LLM-Powered Features¶
ebk includes AI-powered features for metadata enrichment using Large Language Models (LLMs). These features can automatically generate tags, categorize books, enhance descriptions, and more.
Overview¶
The LLM features are built on an abstract provider system that supports multiple backends:
- Ollama - Local and remote models (currently supported)

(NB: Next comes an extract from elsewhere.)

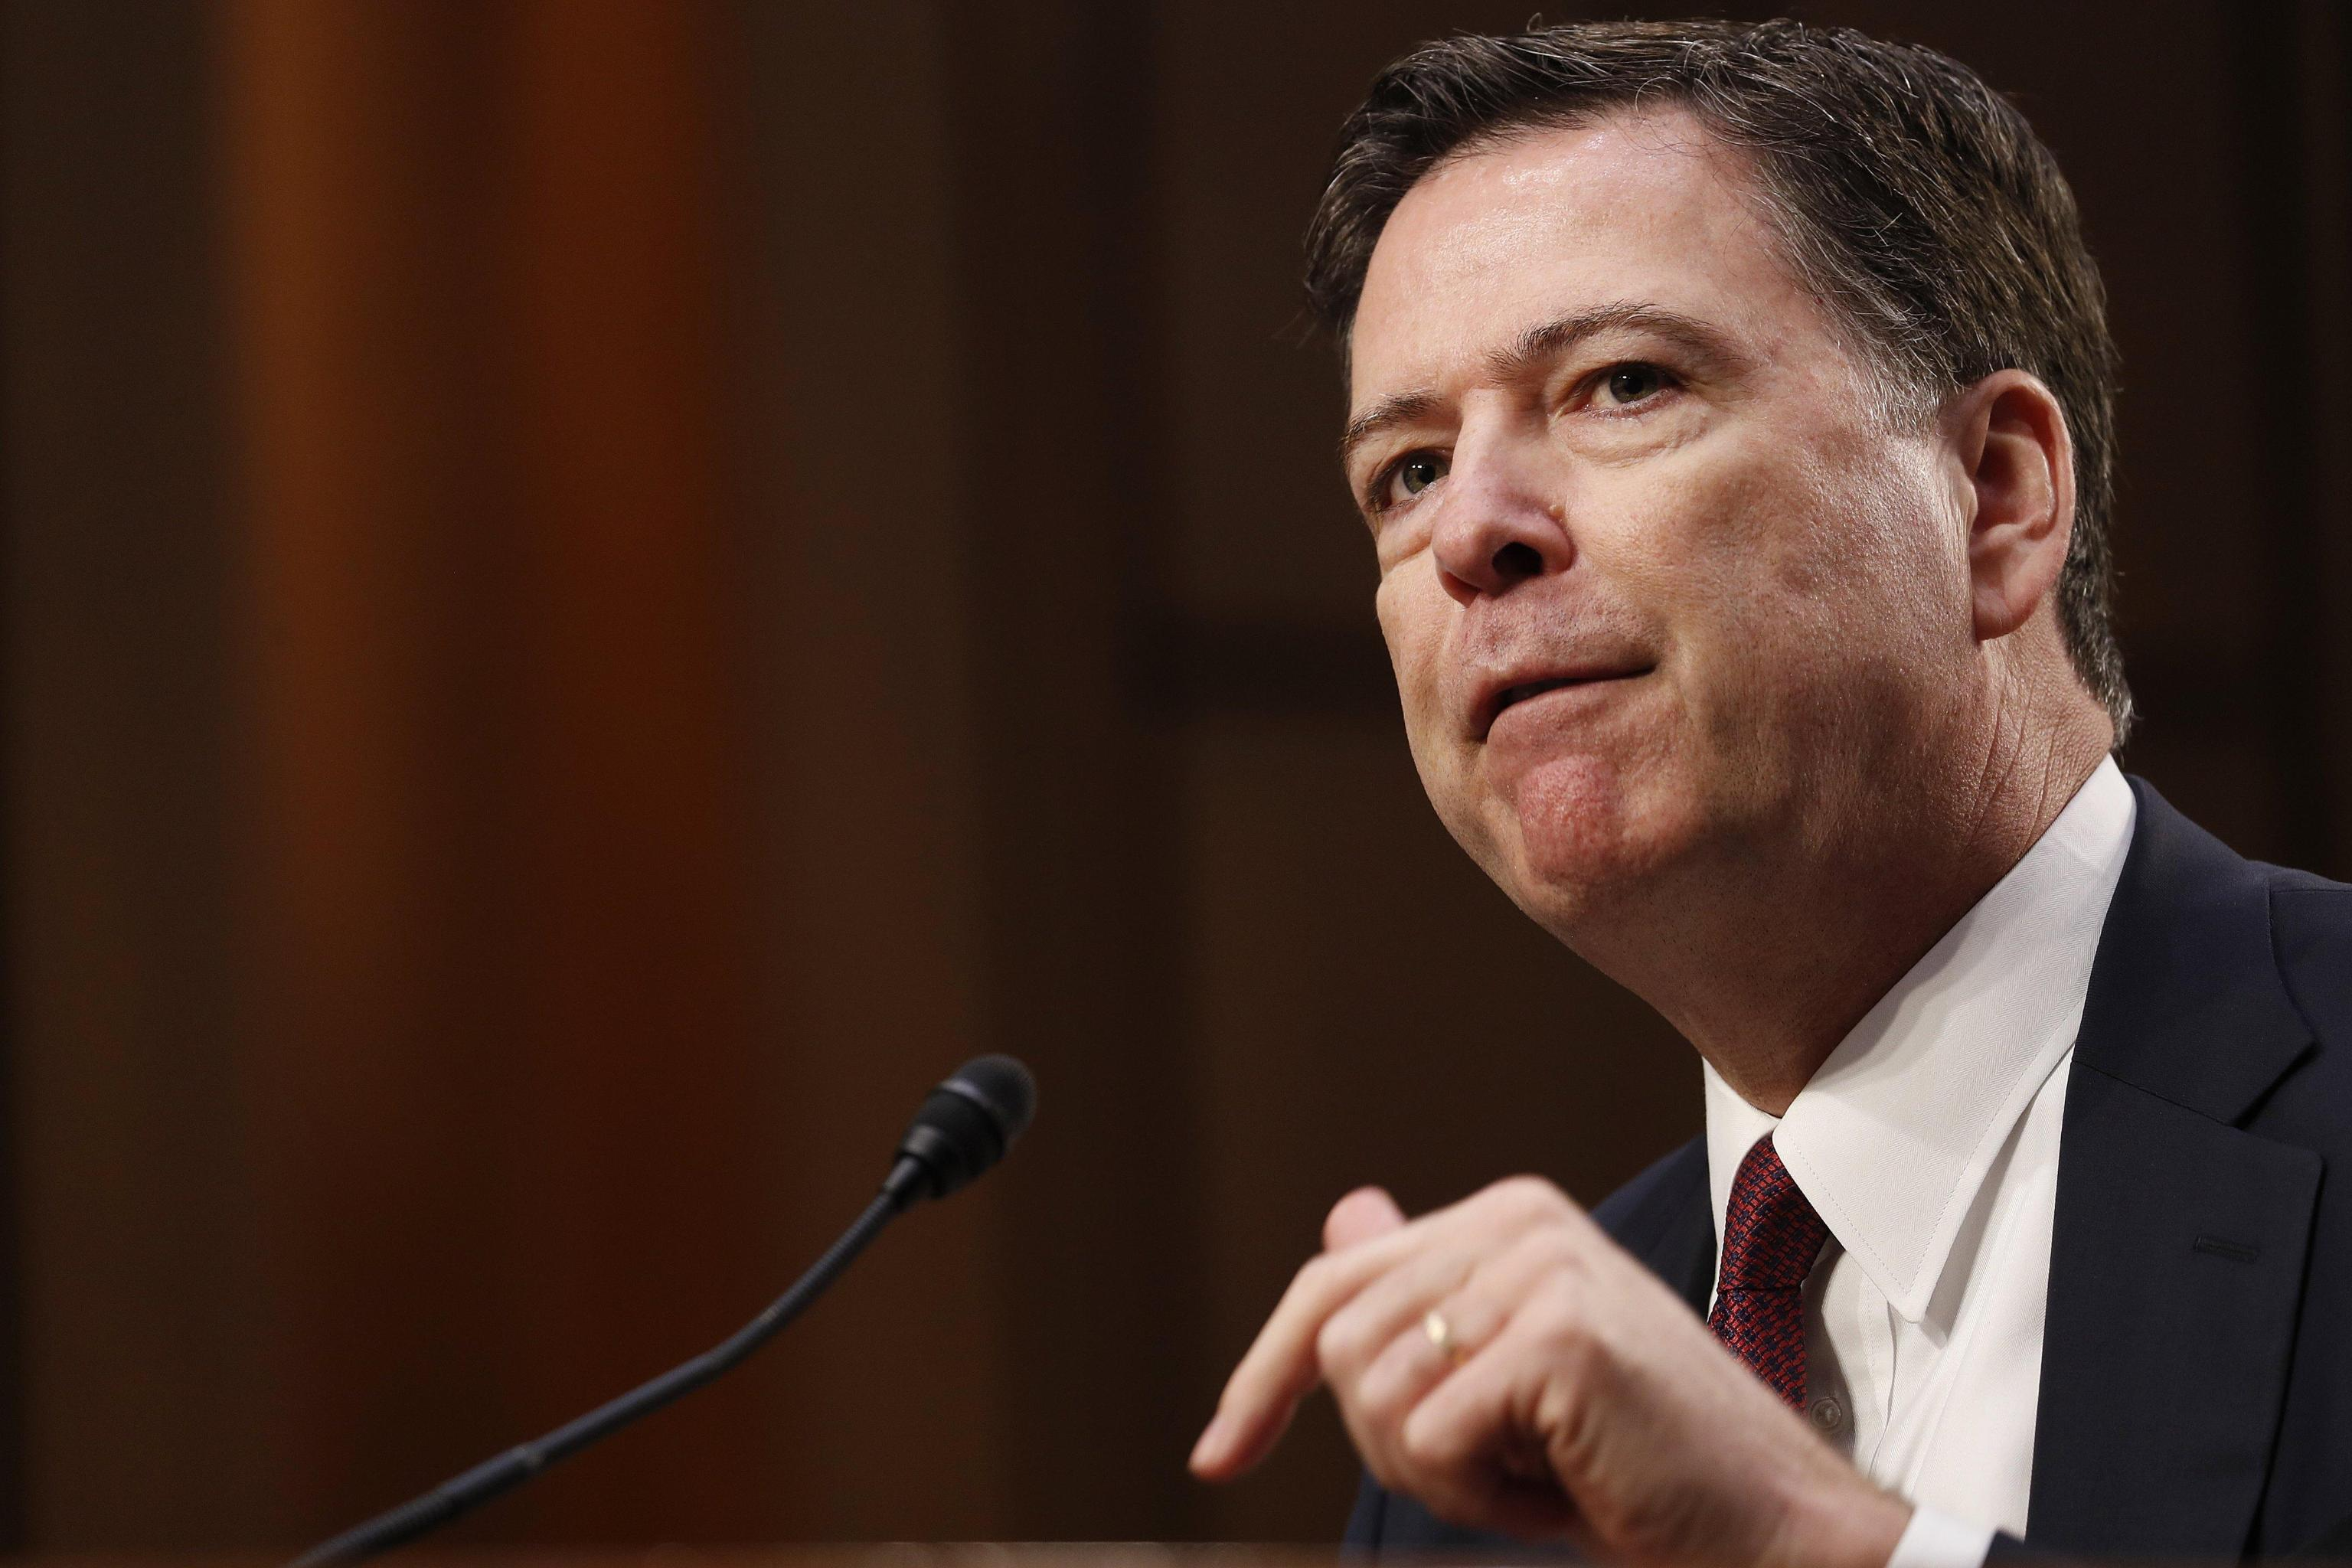 Usa: Comey, 'Fbi onesta e indipendente'

- OpenAI - GPT models (planned)
- Anthropic - Claude models (planned)
- Custom providers - Extend with your own
Quick Start¶
1. Install Ollama¶
First, install Ollama from https://ollama.com
# On macOS/Linux
curl https://ollama.ai/install.sh | sh
# Or download installer from website for Windows
2. Pull a Model¶
# Pull the recommended model
ollama pull llama3.2
# Or try other models
ollama pull mistral
ollama pull codellama
ollama pull phi3
3. Configure ebk¶
ebk config init
ebk config set llm.provider ollama
ebk config set llm.model llama3.2
ebk config set llm.host localhost
4. Enrich Your Library¶
# Basic enrichment
ebk enrich ~/my-library
# Full enrichment with all features
ebk enrich ~/my-library \
--generate-tags \
--categorize \
--enhance-descriptions
Metadata Enrichment Features¶
Generate Tags¶
Automatically generate relevant tags based on book metadata and content:
# Generate tags for all books
ebk enrich ~/library --generate-tags
# Generate tags for specific book
ebk enrich ~/library --book-id 42 --generate-tags
Example output:
- Input: "Introduction to Algorithms" by Cormen et al.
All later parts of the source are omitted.